相机模型¶

从世界到相机¶

假设相机坐标系的三个正交单位向量分别是 \(\hat{x}_c\)，\(\hat{y}_c\) 和 \(\hat{z}_c\)，那么可以得知世界坐标系变为相机坐标系的变换矩阵为 \([\hat{x}_c, \hat{y}_c, \hat{z}_c]\)，其逆矩阵就是相机的旋转矩阵 \(R\)，也就是相机的方向

\[ R = \begin{bmatrix} \hat{x}_c \\ \hat{y}_c \\ \hat{z}_c \end{bmatrix} = \begin{bmatrix} r_{11} & r_{12} & r_{13} \\ r_{21} & r_{22} & r_{23} \\ r_{31} & r_{32} & r_{33} \\ \end{bmatrix} \]

令 \(\mathbf{x}_w\) 表示一个点在世界坐标系中的坐标，\(\mathbf{x}_c\) 表示该点在相机坐标系中的坐标，\(\mathbf{c}_w\) 表示相机在世界坐标系中的坐标，那么有

\[ \begin{aligned} \mathbf{x}_c &= R(\mathbf{x}_w - \mathbf{c}_w) \\ &= R\mathbf{x}_w - R\mathbf{c}_w \\ &= R\mathbf{x}_w + \mathbf{t} \end{aligned} \]

其中 \(\mathbf{t}\) 是世界坐标系的原点在相机坐标系中的位置

\[ \mathbf{t} = -R\mathbf{c}_w = \begin{bmatrix} t_x \\ t_y \\ t_z \end{bmatrix} \]

整个方程可以通过一个外参矩阵（extrinsic matrix）表示

\[ \mathbf{\tilde{x}}_c = \begin{bmatrix} x_c \\ y_c \\ z_c \\ 1 \end{bmatrix} = \begin{bmatrix} r_{11} & r_{12} & r_{13} & t_x \\ r_{21} & r_{22} & r_{23} & t_y \\ r_{31} & r_{32} & r_{33} & t_z \\ 0 & 0 & 0 & 1 \end{bmatrix} \begin{bmatrix} x_w \\ y_w \\ z_w \\ 1 \end{bmatrix} = M_{extr}\mathbf{\tilde{x}}_w \]

从相机到像素¶

我们可以通过透视投影将三维坐标转换为二维坐标

\[ \mathbf{x}_i = f \cdot \begin{bmatrix} x_c/z_c \\ y_c/z_c \\ 1 \end{bmatrix} \]

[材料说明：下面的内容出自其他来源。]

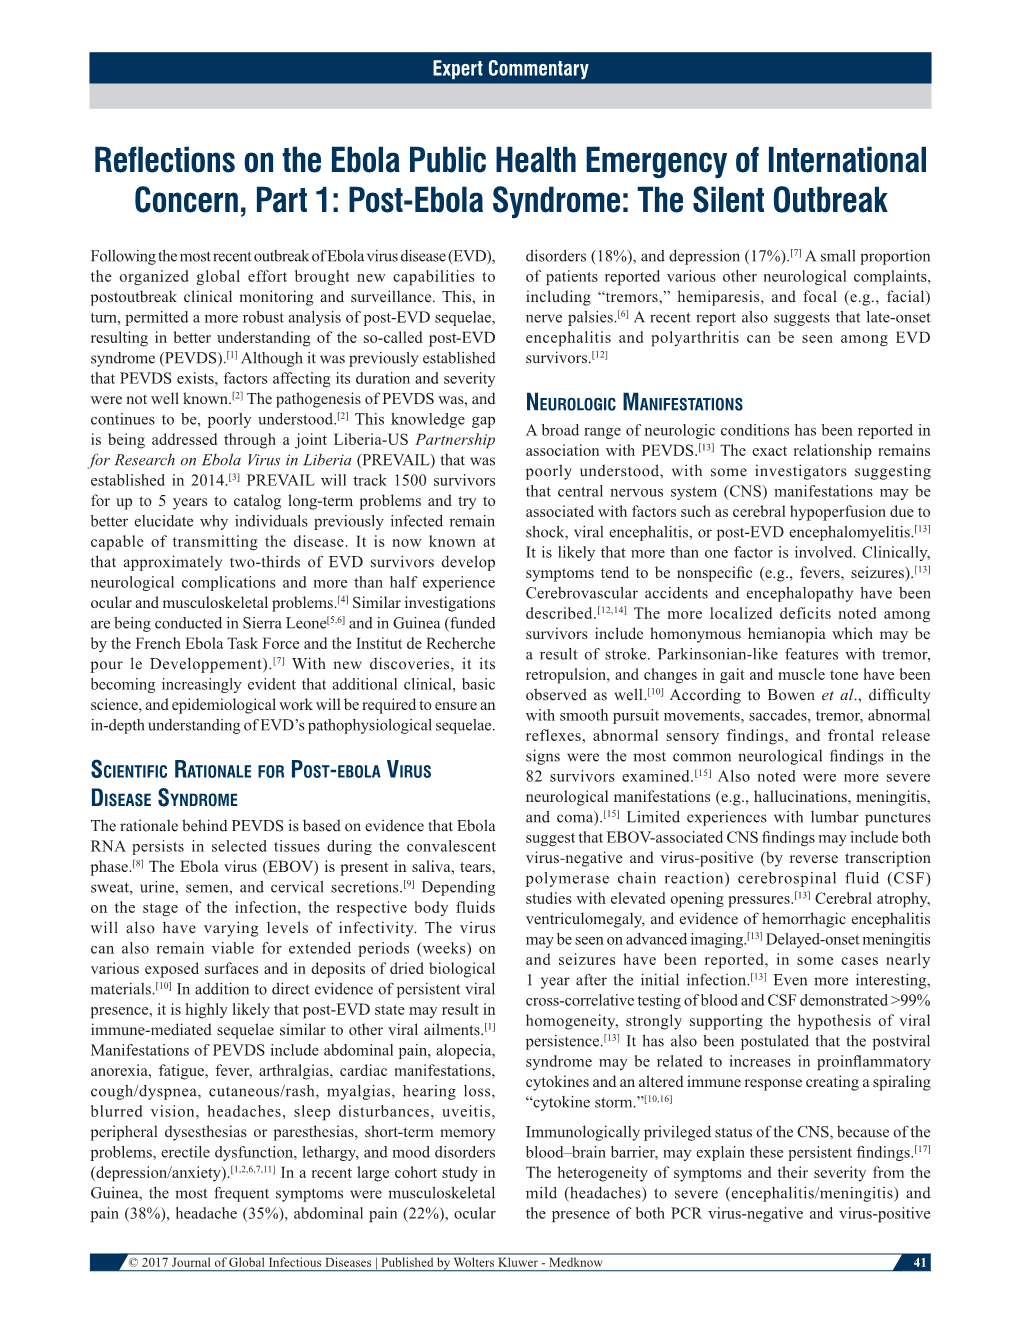 Post‑Ebola Syndrome: the Silent Outbreak

令 \(m_x, m_y\) 分别为 x 和 y 方向上的像素密度（像素/毫米），\((c_x, c_y)\) 为主点（Principal Point），即光轴与传感器的交点，那么最终的二维坐标为

\[ \mathbf{u} = \begin{bmatrix} u \\ v \end{bmatrix} = \begin{bmatrix} m_xf\frac{x_c}{z_c} + c_x \\ m_yf\frac{y_c}{z_c} + c_y \end{bmatrix} \]

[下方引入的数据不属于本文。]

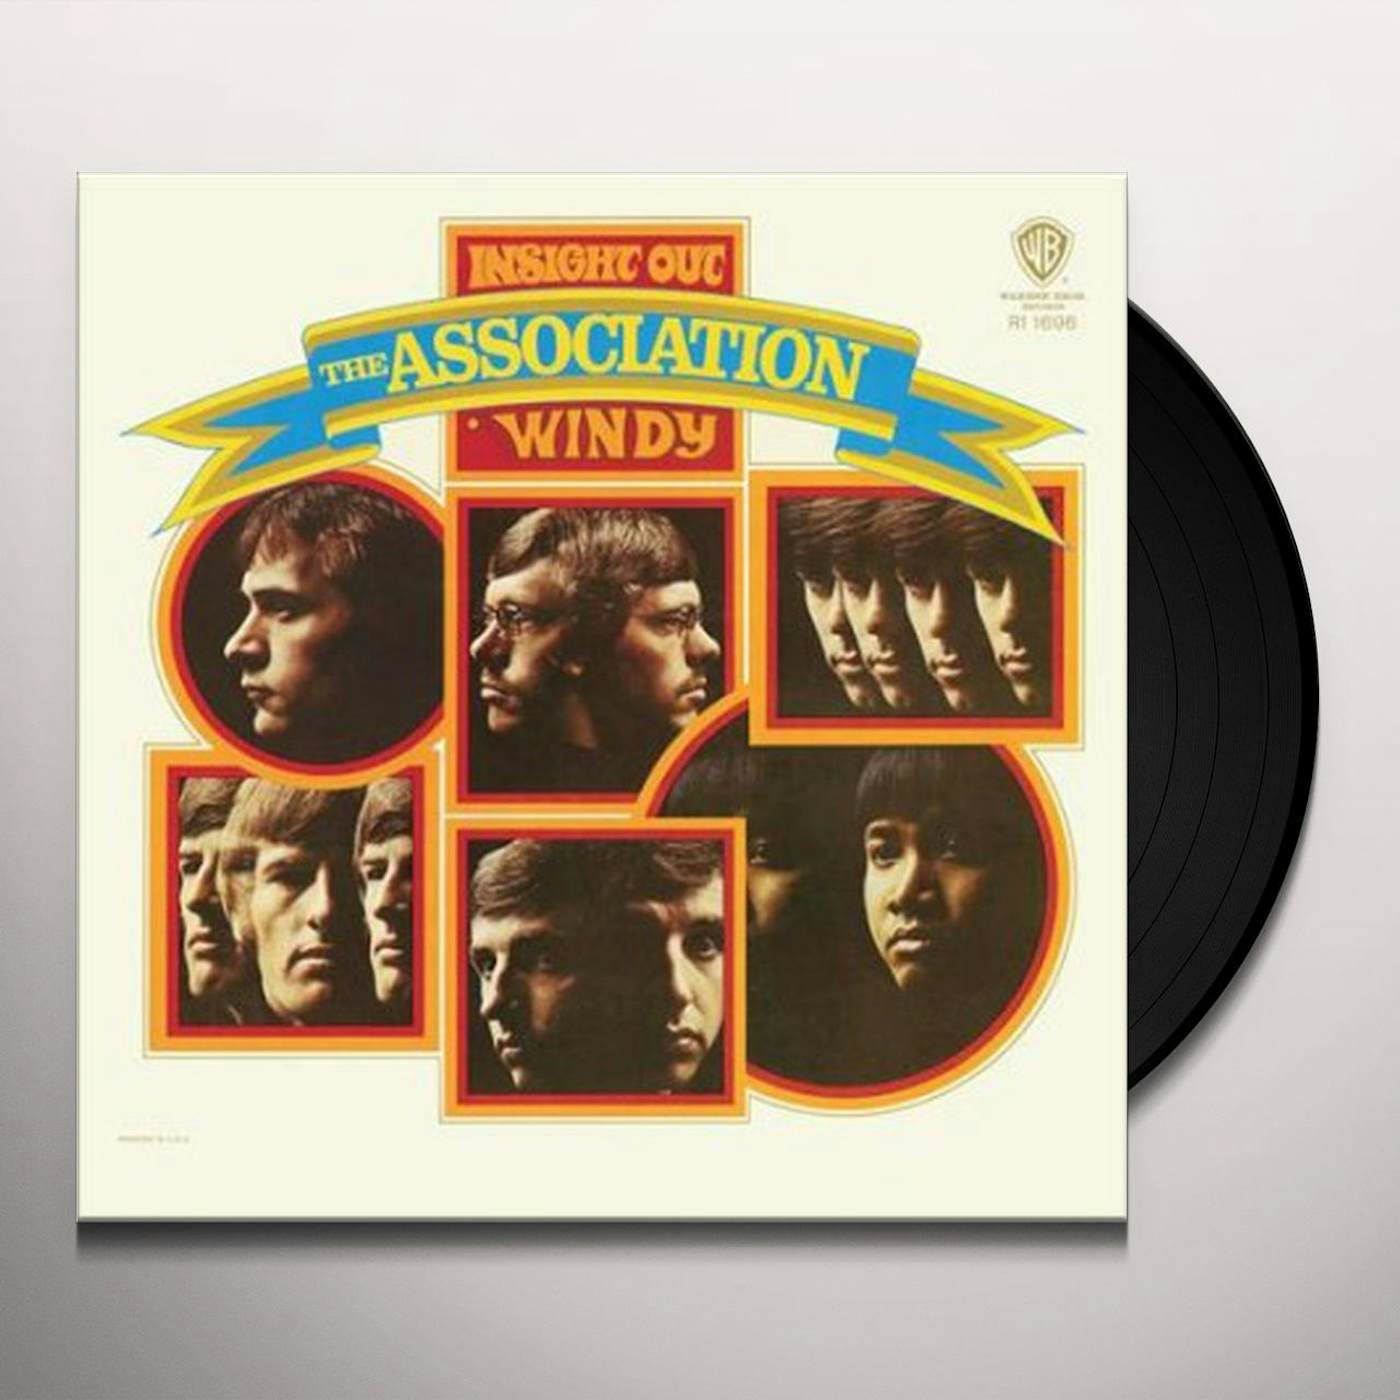 The Association Insight Out Vinyl Record

令 \(f_x = m_xf\)，\(f_y = m_yf\)，则该方程可以通过一个内参矩阵（intrinsic matrix）以齐次坐标的形式表示

\[ \mathbf{\tilde{u}} = \begin{bmatrix} \tilde{u} \\ \tilde{v} \\ 1 \end{bmatrix} \equiv \begin{bmatrix} f_x & 0 & c_x & 0 \\ 0 & f_y & c_y & 0 \\ 0 & 0 & 1 & 0 \end{bmatrix} \begin{bmatrix} x_c \\ y_c \\ z_c \\ 1 \end{bmatrix} = M_{intr}\mathbf{\tilde{x}}_c \]

最终，我们可以得到一个投影矩阵（projection matrix）

\[ \mathbf{\tilde{u}} \equiv M_{intr}M_{extr}\mathbf{\tilde{x}}_w = P_{3\times 4}\mathbf{\tilde{x}}_w \]

从像素到光线¶

若我们不知道相机的内参矩阵，可以尝试从图像的大小和视角计算出来。假设图像的宽度为 \(W\)，相机的水平视角（FOV，Field of View）为 \(\theta_x\)，图像某一角的像素点在相机坐标系中的坐标为 \((x_0, y_0, z_0)\)，那么我们有

\[ f_x \frac{x_0}{z_0} = \frac{1}{2}W \]

\[ \Rightarrow \tan \frac{\theta_x}{2} = \frac{x_0}{z_0} = \frac{W}{2f_x} \]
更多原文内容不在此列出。